Pluto might get promoted back to “planet”

Pluto might get promoted back to “planet” February 23, 2017

Nh-pluto-in-true-color_2x_JPEG-edit-frameThe recent space probe to Pluto revealed it to be no mere frozen rock but a complex world.  Now NASA scientists involved with that project are proposing a new definition of “planet” that would restore Pluto to its former planetary status.

Possible problems:  The new definition would also make the Earth’s moon a planet.  Also 110 other celestial bodies in our solar system.

But read the reasoning after the jump.

From Mike Wall, Will Pluto Get Its Planethood Back?,

Advocates of Pluto’s planethood are about to fire another salvo in the decade-long debate about the famous object’s status.

Scientists on NASA’s New Horizons mission, which performed the first-ever flyby of Pluto in July 2015, will officially propose a new definition of “planet” next month, at the 48th Lunar and Planetary Science Conference in The Woodlands, Texas.
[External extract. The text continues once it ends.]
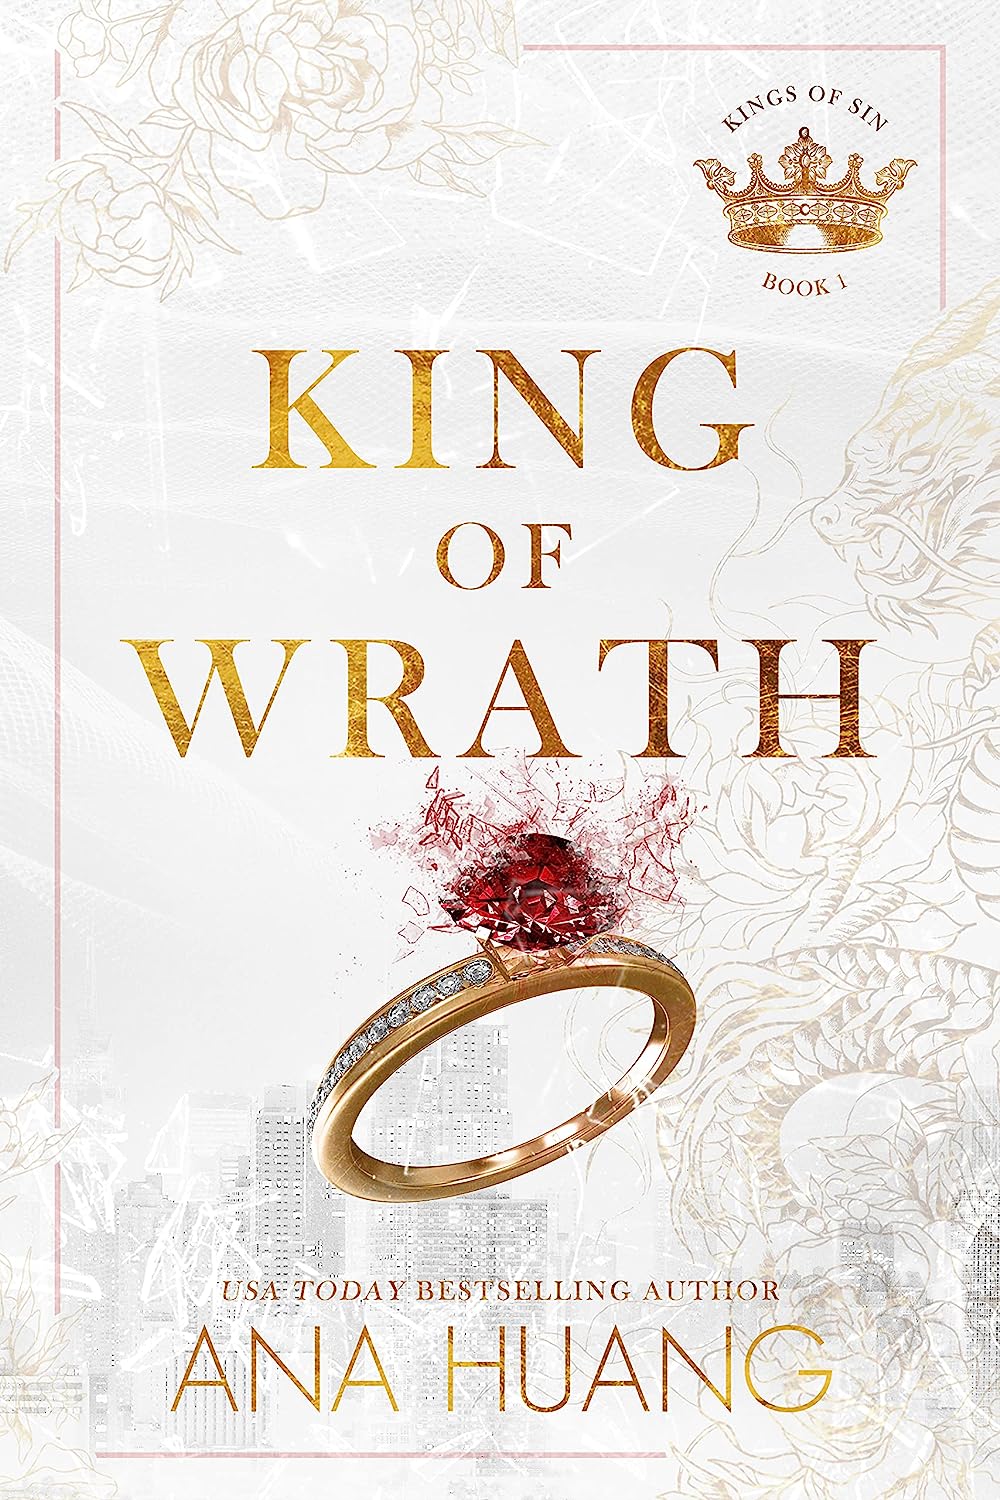 King of Wrath: An Arranged Marriage Romance (Kings of Sin Book 1) by Ana Huang

The new definition would replace, or supersede, the one devised by the International Astronomical Union (IAU) in 2006. A planet, the IAU determined, is a body that orbits the sun without being the moon of another object; is large enough that its own gravity has rounded it into a sphere (but not so large that it undergoes fusion reactions, like a star); and has “cleared its neighborhood” of most other bodies.

Pluto failed to meet this last criterion, because its neighborhood — the vast Kuiper Belt beyond Neptune’s orbit — is full of small, icy objects. So Pluto was stripped of the planethood it had enjoyed since its 1930 discovery, and was reclassified as a dwarf planet.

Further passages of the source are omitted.